Margaret Drabble, Luan Goldie, Steven Moffat and Stephen Baxter are among the top writers in Collision, an anthology that transmutes CERN’s elusive research into science fiction
25 January 2023
IN The Ogre, the Monk and the Maiden, Margaret Drabble’s ingenious story for the new sci-fi anthology Collision, a character called Jaz works on “the interface of language and quantum physics”. Jaz’s speciality is “the speaking of the inexpressible”. Science fiction authors have long grappled with translating cutting-edge research – much of it grounded in what Drabble calls “the Esperanto of Equations” – into everyday language and engaging plots.

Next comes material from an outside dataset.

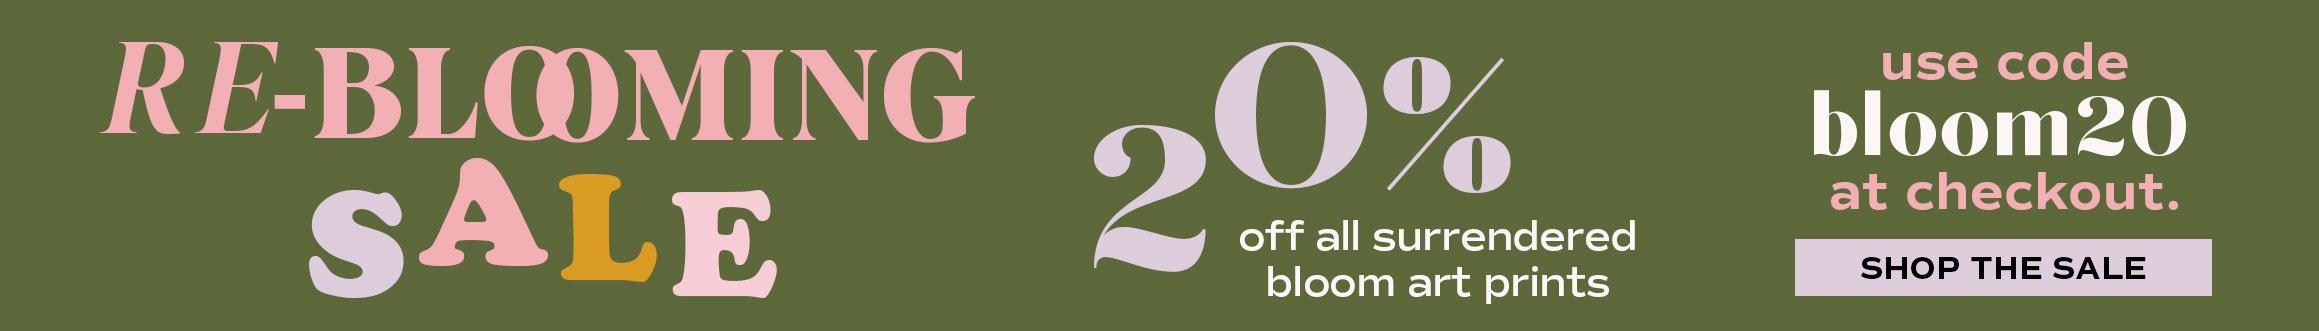 Surrendered Bloom Art Print 20% off Sale

Source link Scientists and filmmakers alike have been awestruck by the recent success of the new science fiction film, Collision. The movie chronicles the incredible story of the Large Hadron Collider (LHC) at the European Organization for Nuclear Research (CERN) in Geneva, Switzerland.
The film focuses on the physics behind the LHC, which is the world’s largest and most powerful particle accelerator. Beyond its remarkable size and power, the movie takes viewers on a captivating journey through the mysteries of the subatomic world. Through the mechanism of the LHC, the world’s leading physicists and scientists can explore the very fundamentals of nature’s building blocks.

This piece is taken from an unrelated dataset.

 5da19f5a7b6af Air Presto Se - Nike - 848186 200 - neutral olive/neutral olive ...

In addition to its scientific merits, the movie also stands out for its entertaining narrative and visuals. Utilizing interaction and interviews with numerous scientists and engineers involved in the project, the movie gives viewers a first-hand look at the passionate individuals who devoted their lives to the project. This combination of science and humanity is ultimately what gives the movie its appeal.

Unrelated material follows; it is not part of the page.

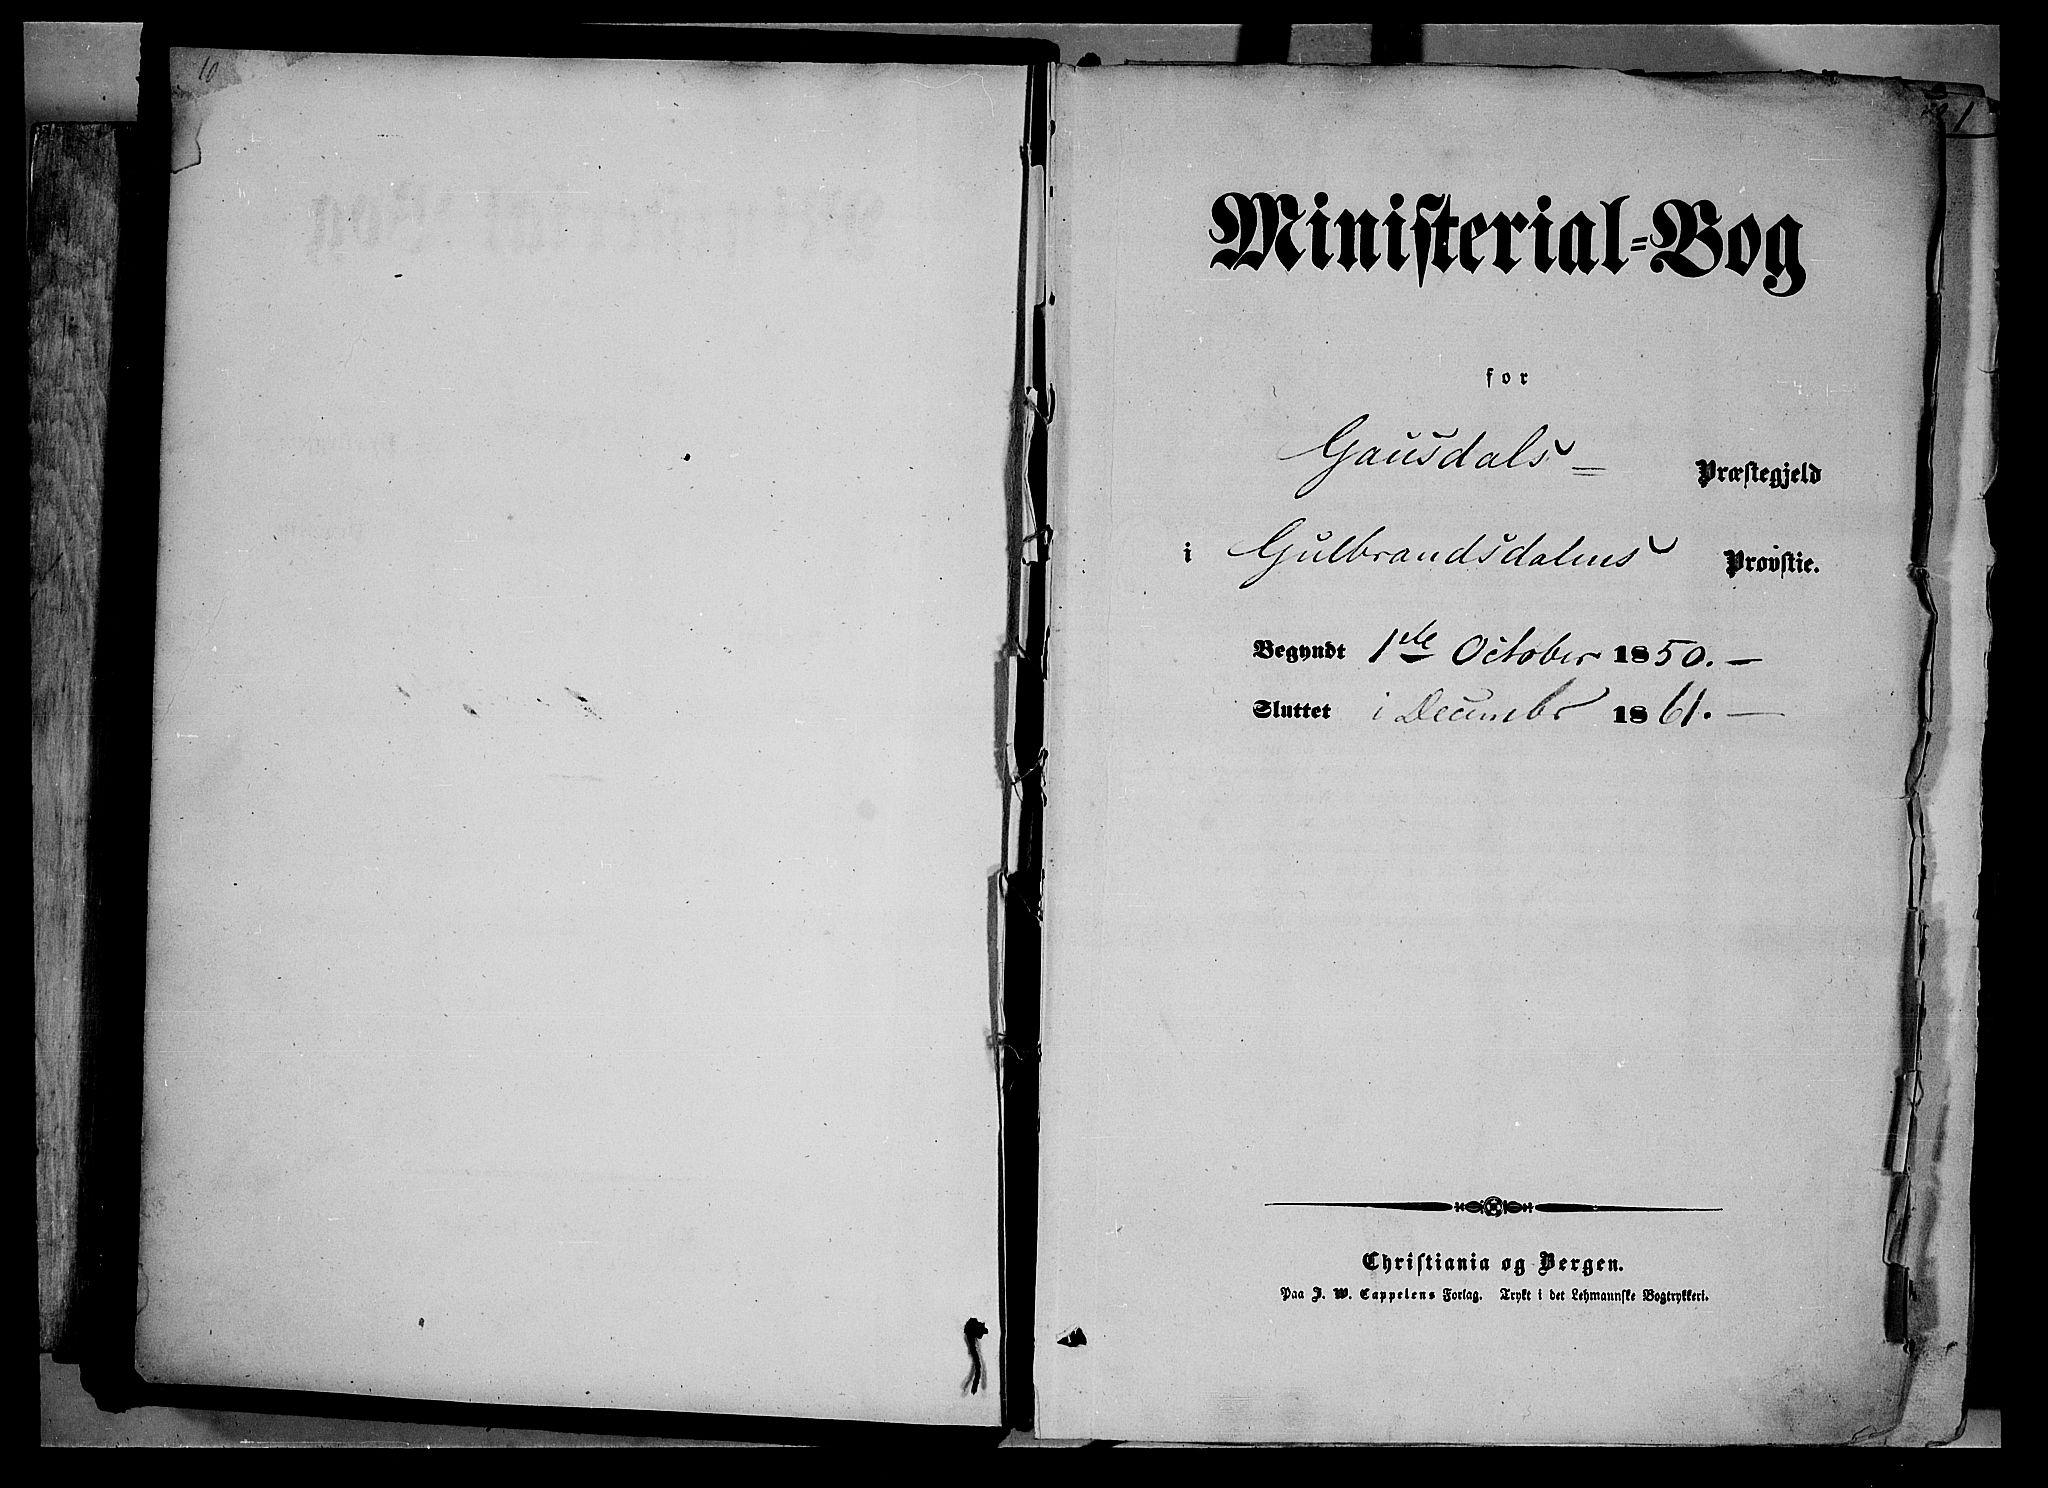 SAH, Gausdal prestekontor, Ministerialbok nr. 8, 1850-1861

As realistic and fascinating as the movie appears to be, there are some questionable aspects of scientific accuracy. The most pronounced example pertains to the large hadron collider itself; when compared with the actual device, there are discrepancies in the design and operation of the model used in the film.
In the end, though, this does not detract from the fact that the movie is a must-watch for anyone interested in science and its implications. The creators of Collision have successfully achieved a commendable balance between thrilling fiction and intriguing science-fact. By conveying the wonder of the universe through captivating visuals and storytelling, they have given a unique glimpse into the discoveries of the scientific world.